Problem statement
Go to the line below that has "Фото модель в розовом бикини фото фото 3-650", print it and each line after it exactly, and stop after the line that has "NabeXPress - Адаптивная"; leave out pictures.

The data
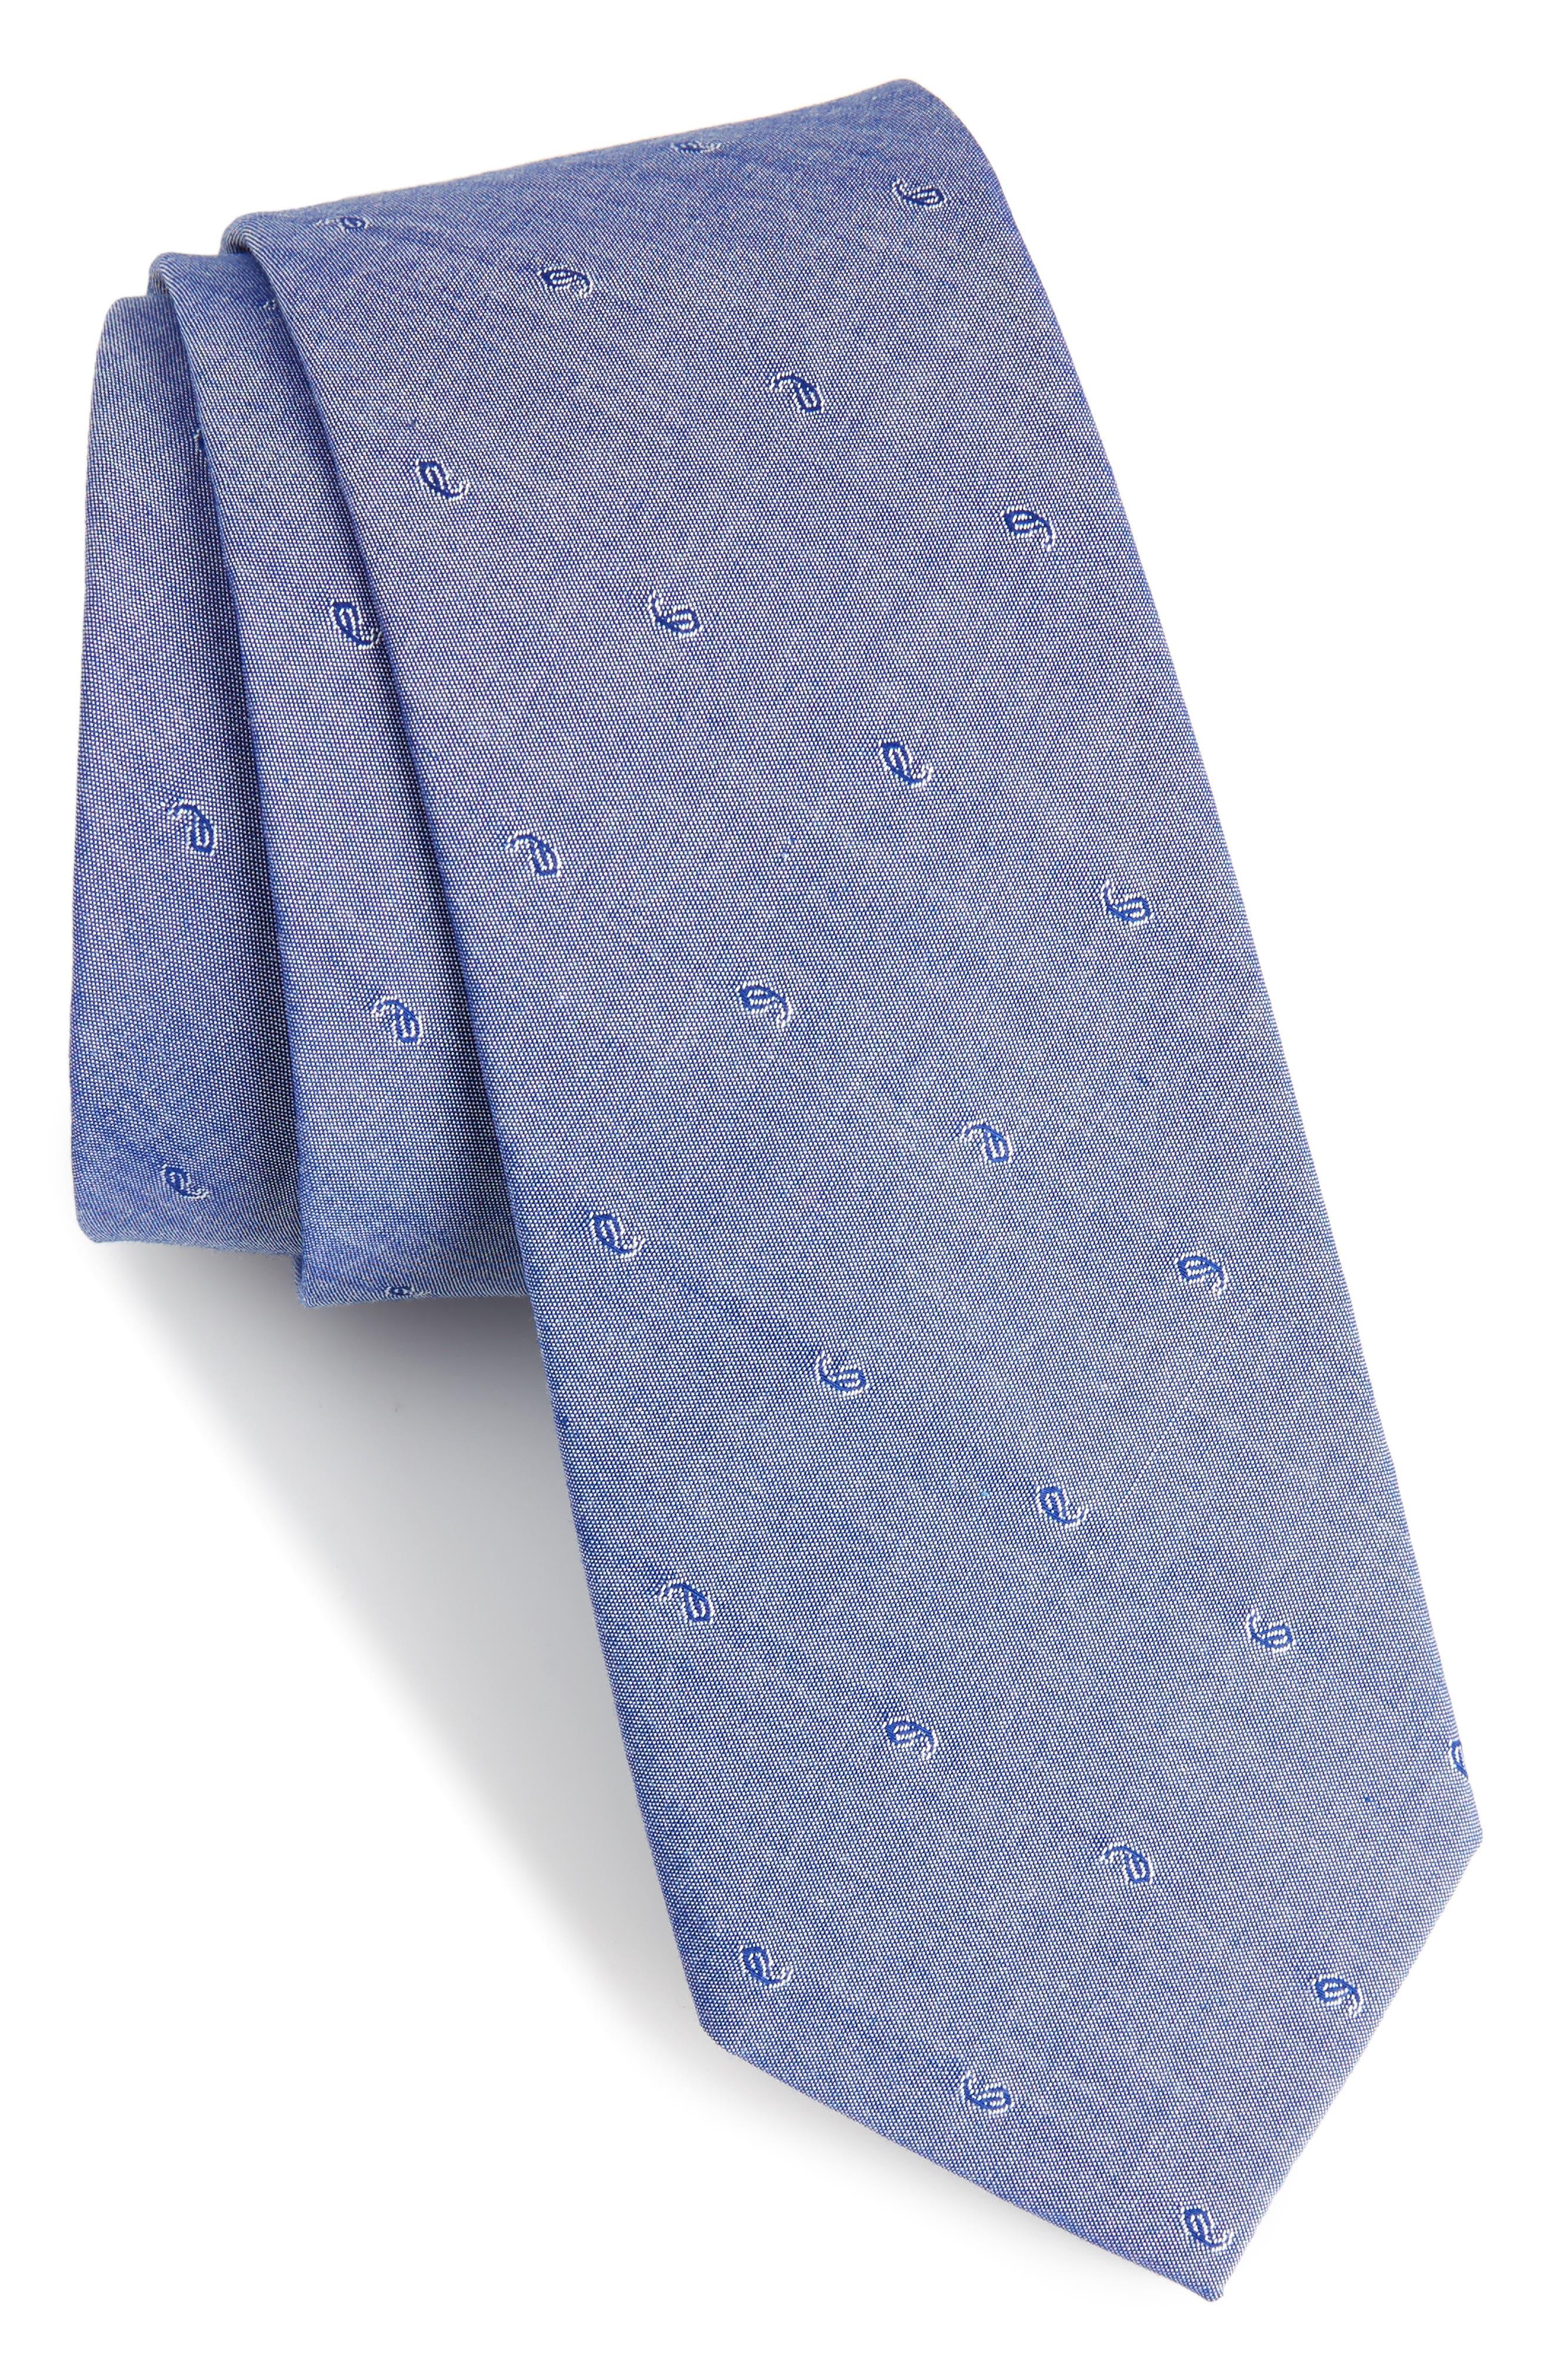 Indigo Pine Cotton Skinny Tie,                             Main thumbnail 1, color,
* * *
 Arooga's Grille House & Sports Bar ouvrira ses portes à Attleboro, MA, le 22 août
...
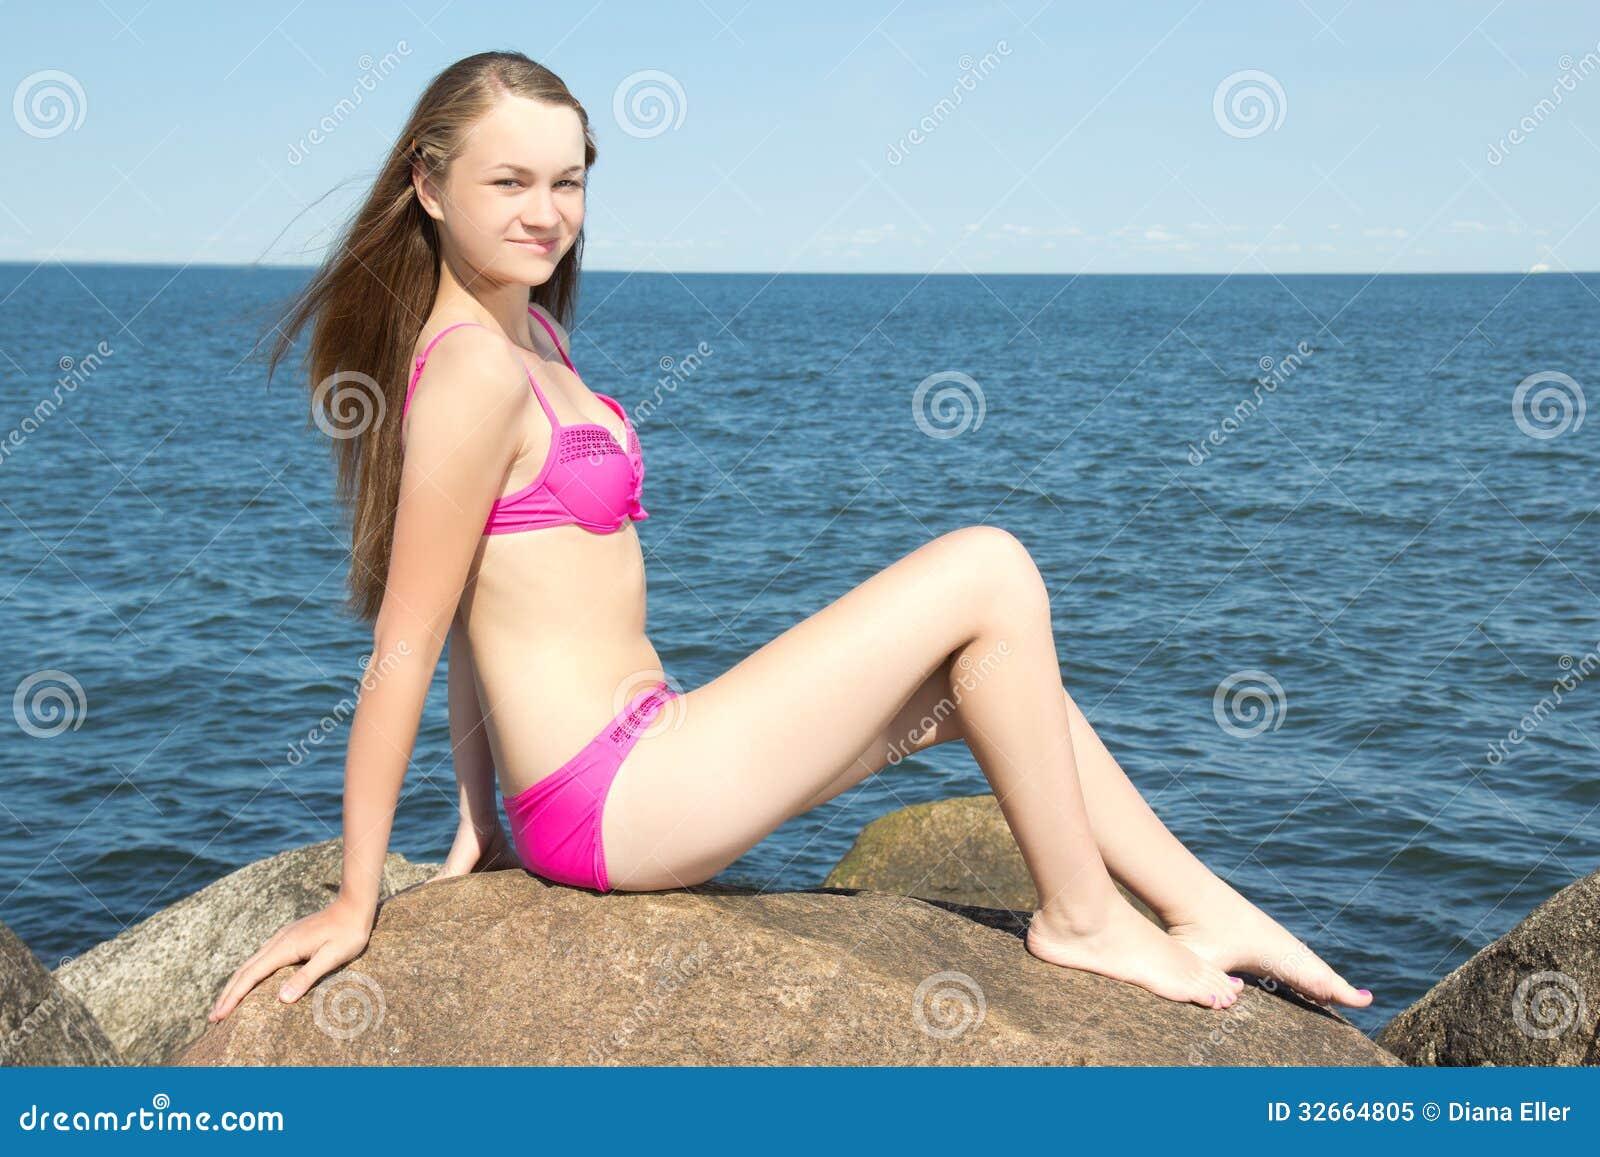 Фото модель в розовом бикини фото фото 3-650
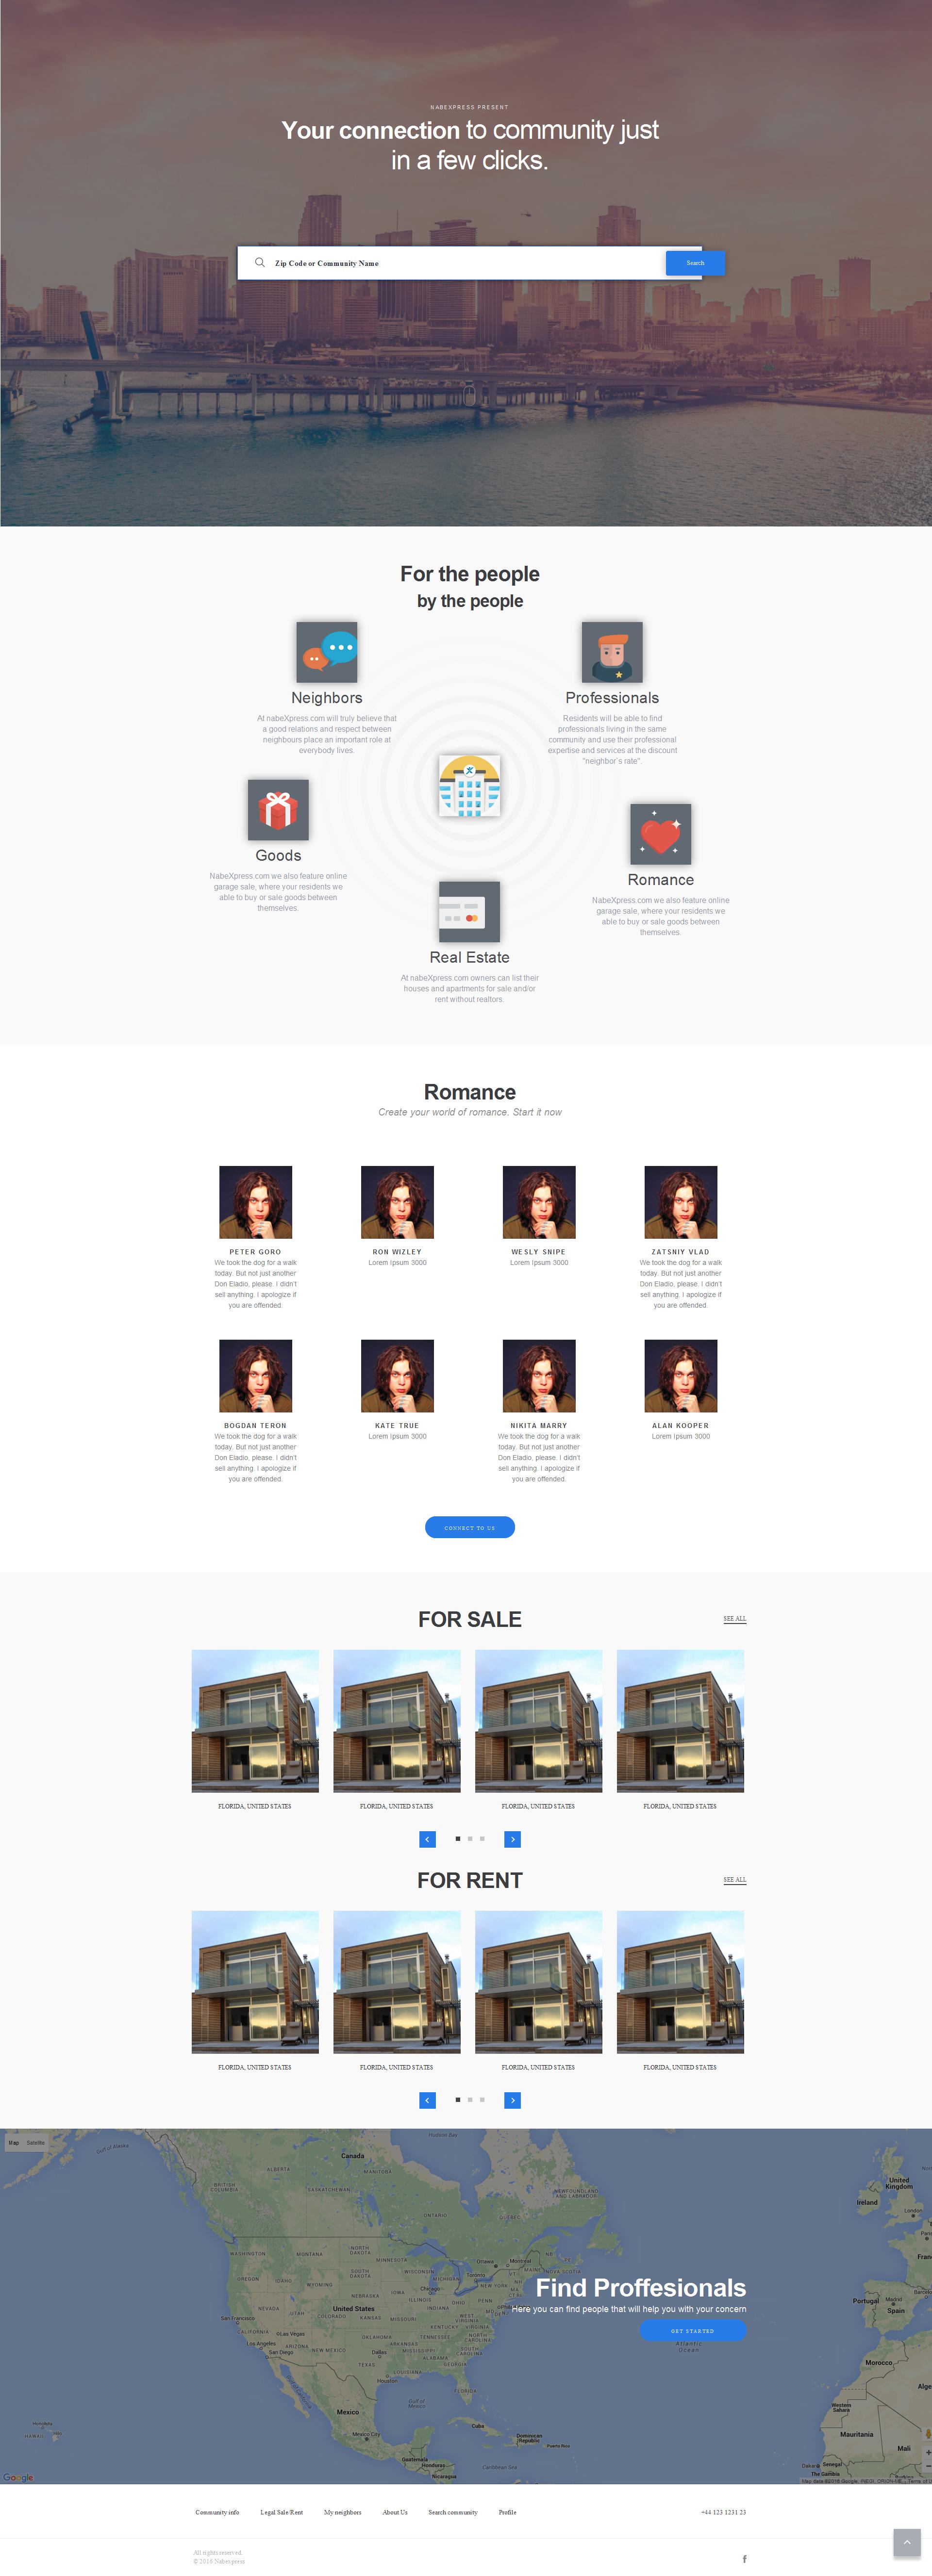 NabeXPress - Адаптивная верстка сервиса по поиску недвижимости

Result
 Фото модель в розовом бикини фото фото 3-650
 NabeXPress - Адаптивная верстка сервиса по поиску недвижимости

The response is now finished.